Japan’s currency rallied today as the Stoxx Europe 600 Index of shares slid 0.5 percent and the Standard & Poor’s 500 Index dropped 0.2 percent.
The 14-day relative strength index for the yen against the dollar was at 30 today after dropping to 25 at the end of last week, with 30 considered a sign an asset’s decline has been too rapid. Japan’s currency had slumped 3.5 percent versus the dollar during the previous two weeks.
Minutes of the Bank of Japan’s Oct. 30 meeting released today showed a few members of the policy board said the economy entered a recessionary phase, while one indicated the need for new ways to boost price expectations. The BOJ last month increased asset purchases by 11 trillion yen, announced a new lending program and signed a joint statement with the government on ending deflation.
Finance chiefs from the single-currency bloc started their meeting at 12:30 p.m. in Brussels, less than a week after an all-night gathering failed to yield agreement and days after a European Union summit broke up without a proposed seven-year budget. At stake is the continuation of a three-year mission to return Greece to financial health.
“It would be irresponsible not to reach an accord given all the efforts that have been made,” French Finance Minister Pierre Moscovici said yesterday on BFM television.
A solution is hung up on politics in Germany, the dominant country in Europe’s crisis management, where Chancellor Angela Merkel is campaigning for a third term next year on the pledge that Greece won’t cost taxpayers an additional cent.
“It seems a final agreement for Greece is very close although this is another measure which kicks the can down the road,” said Lee Hardman, a foreign-exchange strategist at Bank of Tokyo-Mitsubishi UFJ Ltd. in London.
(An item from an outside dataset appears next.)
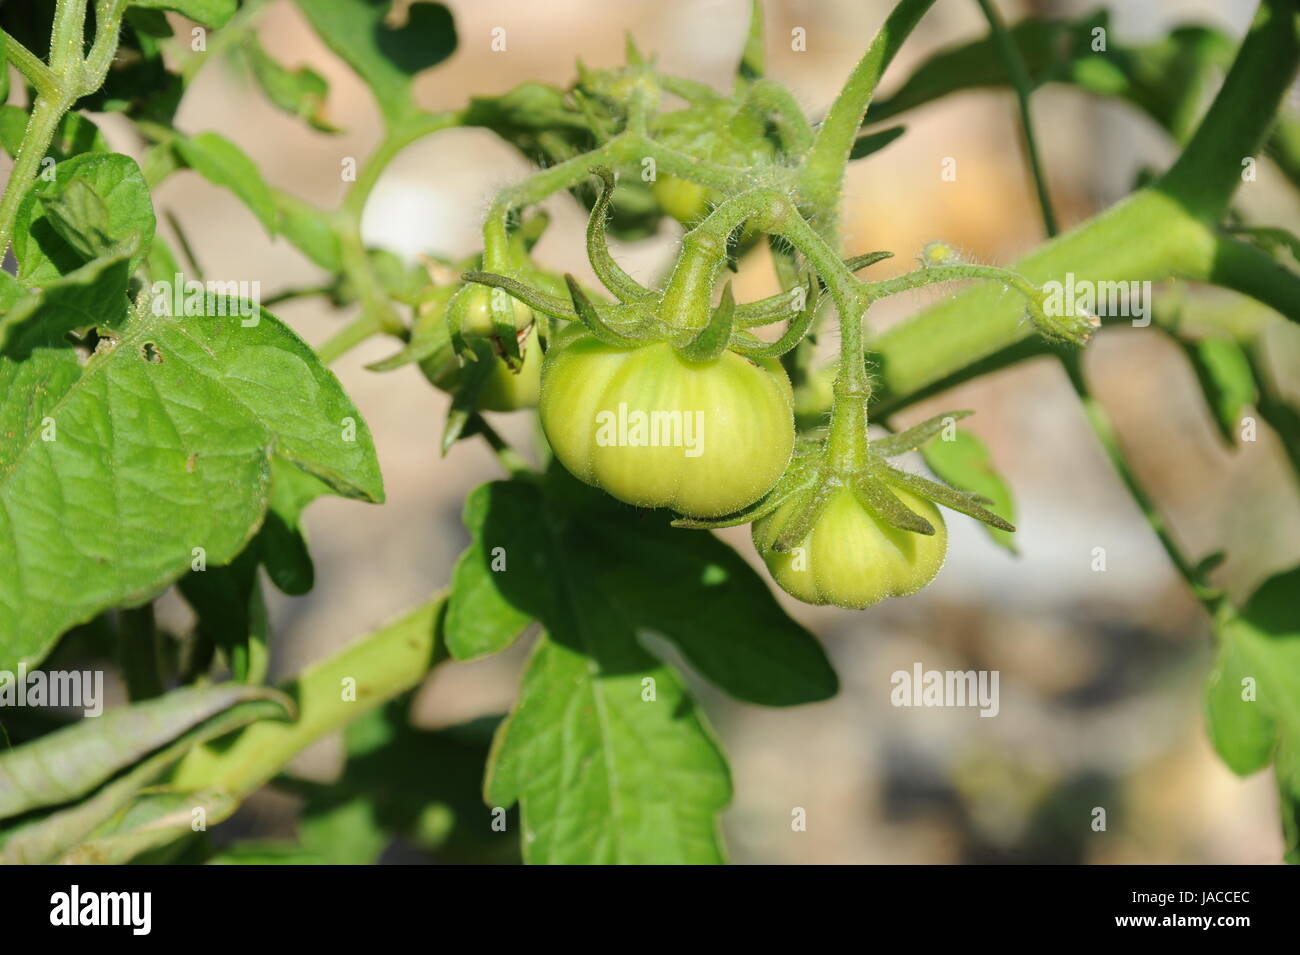 spain - tomatoes Stock Photo

Catalan President Artur Mas, who called early elections to force the debate on independence, won 50 of the 135 seats in the regional assembly for his Convergencia i Unio party, down from 62. The separatist Catalan Republican Left, known as the ERC, more than doubled its seats to 21 from 10. Two smaller parties that also back a plebiscite secured 16 seats.
The euro has weakened 2.2 percent this year, according to Bloomberg Correlation-Weighted Indexes, which track 10 developed-nation currencies. The dollar dropped 2.4 percent, and the yen slid 9.2 percent.